Vertical Alignment of Equations within a Table

Post by Stefan Kottwitz »

Hi Phredd,

welcome to the forum!

Sure, there's no need to post your whole report. But there's something between a small code snippet and the whole report, right? ;) If you would post a compilable example, a reader could test and improve it in the desired way. Without compiling, it stays a bit theoretical.

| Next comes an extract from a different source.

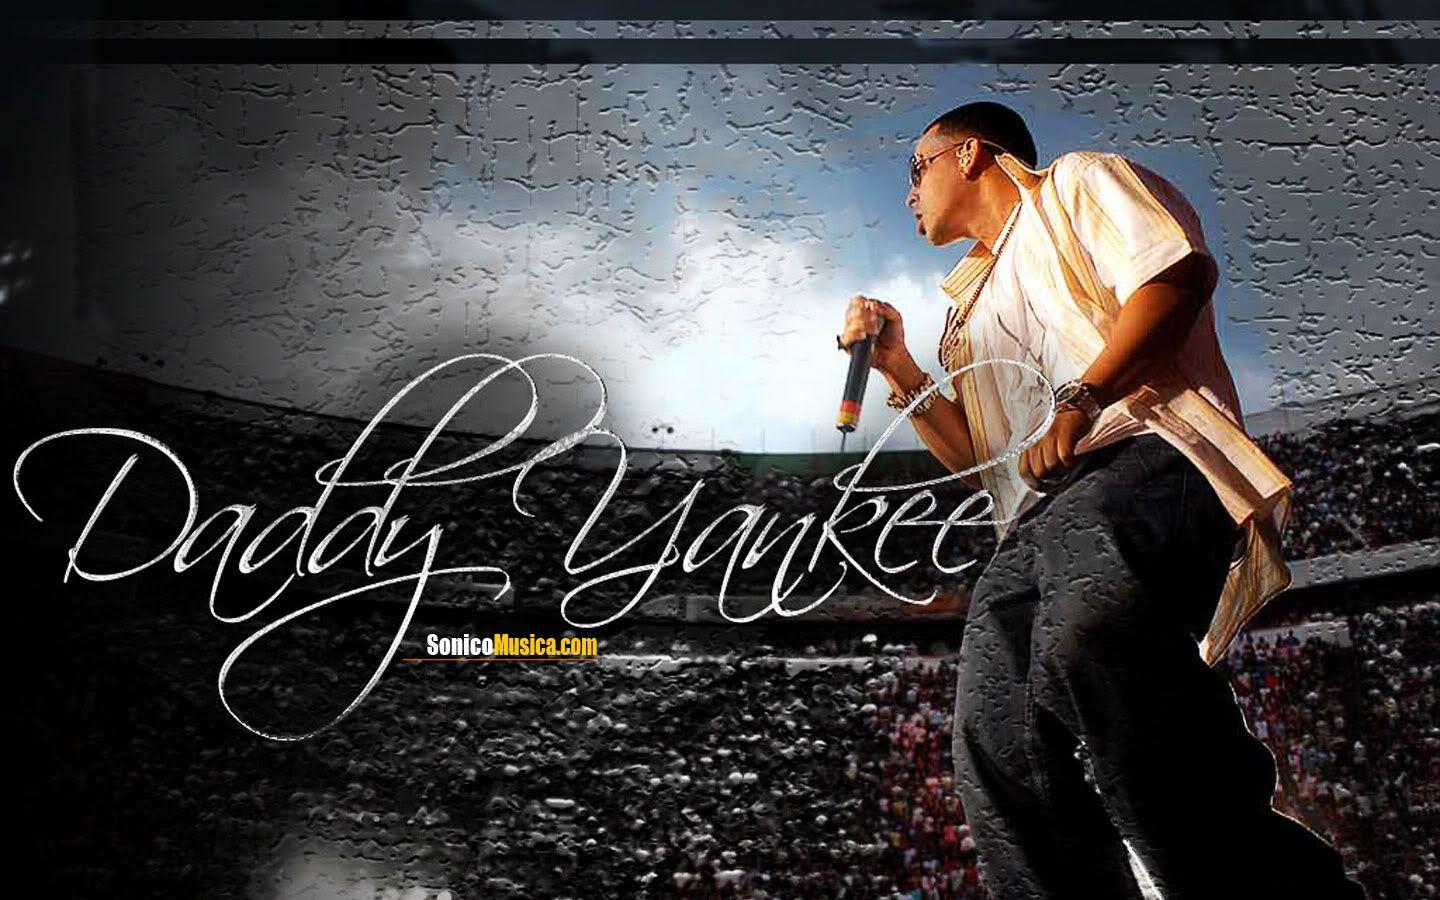 DADY YANKEE graphics and comments

So, without the Feynman diagram (it would have been nice to see it), I guess it just has the base line for vertical alignment at the bottom. The base line for the aligned math environment is at it's center (but can be changed to top or bottom line). In the table, the base lines are aligned next to each other. So you see the diagram going upwards above the base line, the math text at the base line stays low. It's base line alignment, not top alignment.

You can change it in different ways, such as using \raisebox, the adjustbox package, or the stackengine package.

With stackengine loaded, you can use \belowbaseline[0pt]{your diagram} and \belowbaseline[0pt]{$math formula$} for top alignment. Or \Centerstack for middle alignment.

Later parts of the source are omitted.